“Buchanan, if you ever hear of a group getting together to stop X, be sure to put your money on X.”
So, Richard Nixon told me half a century ago, after he had been badly burned in just such a futile and failed enterprise.
It was the Cleveland Governors Conference of 1964.
Sen. Barry Goldwater had just defeated Gov. Nelson Rockefeller in the final and decisive winner-take-all primary in California.
As the story is told, Stu Spencer, Rocky’s man in California, had come to his candidate and said, “Governor, I think it’s time to call in the Eastern establishment.”
To which Rocky replied, “You’re looking at it, buddy. I’m all that’s left!”
Rocky was cooked. But then the panicked Republican governors gathered in Cleveland—Rockefeller, George Romney of Michigan, William Scranton of Pennsylvania—to plot a path to deny Goldwater the nomination he and his conservative insurgents had won.
Nixon was invited, and, according to Romney, privately urged him to get into the race. Nixon denied it.
The governors, and Goldwater himself, suspected Nixon was pushing Romney onto the tracks to derail his bandwagon. And, presumably, after Romney had been run over, the convention, to heal the bleeding wound, would turn to a centrist compromise candidate—Nixon.
“Nixon is sounding more and more like Harold Stassen every day,” said Goldwater. Nixon pivoted swiftly to repair the damage, offered to introduce Goldwater to the convention, did so in a brilliant speech, then campaigned harder for Mr. Conservative than did Barry himself.
And while Nixon enlisted in Goldwater’s campaign, Rockefeller, Romney and Scranton, arrogantly refusing to accept defeat graciously, crippled any chance Goldwater might have had by demanding that the platform condemn the John Birch Society as equally extreme as the Communist Party and Ku Klux Klan.
The party said no. And the establishment cut Barry dead in the fall.
Thus did the GOP establishment earn the eternal enmity of the right.
And thus did Richard Nixon emerge in 1968 as the first choice of Barry Goldwater and the centrist Republican most acceptable to the conservative movement. The rest, as they say, is history.
Which brings us to that dinner last week at The Source on Capitol Hill where Republican Party elites discussed how Donald Trump, even if he wins the lion’s share of votes and delegates, might be denied the nomination in a “brokered convention.”
The absurdity of such a conspiracy would be matched only by its stupidity. Has the GOP establishment learned nothing from history?

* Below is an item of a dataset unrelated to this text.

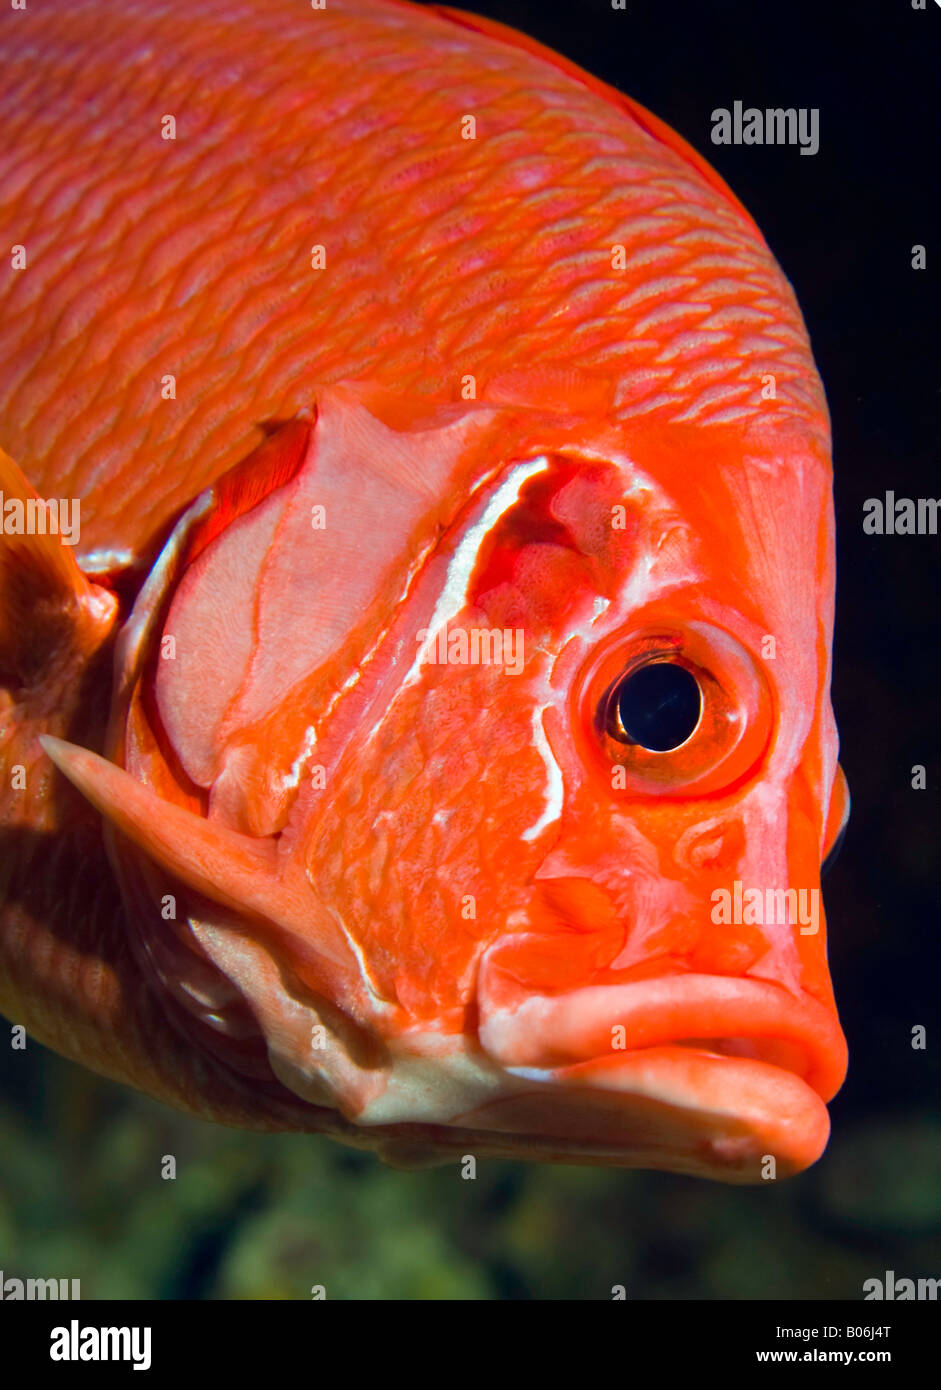 In The Red Sea near the Marsa Alam coast, this Giant, Long-Jaw or Sabre Squirrelfish paused just long enough for this portrait. Stock Photo

Deadlocked conventions—like the 1924 Democratic convention, which went on for 104 ballots—virtually ended with the elimination, by FDR’s party in 1936, of the two-thirds rule for nomination.
That rule kept ex-President Martin Van Buren, who could not muster 67 percent of the delegates, from capturing the nomination in 1844.
After eight deadlocked ballots in a three-way contest, that Baltimore convention turned to a “dark horse,” Speaker James K. Polk, who promised immediate annexation of Texas by the United States and that he would take us to war with Mexico to guarantee it.
With the two-thirds rule dead, the only way to have a convention without a nominee on the first ballot is a three- or four-way split in delegates.
But assume at the GOP convention in Cleveland that Trump runs first, Ted Cruz second, Marco Rubio third and Ben Carson fourth.
Rather than wait for Karl Rove & Co. to tell us whom the party shall nominate, Trump would phone Cruz, offer him second spot on the ticket in return for his delegates, and if Cruz declined, ask for Rubio’s phone number.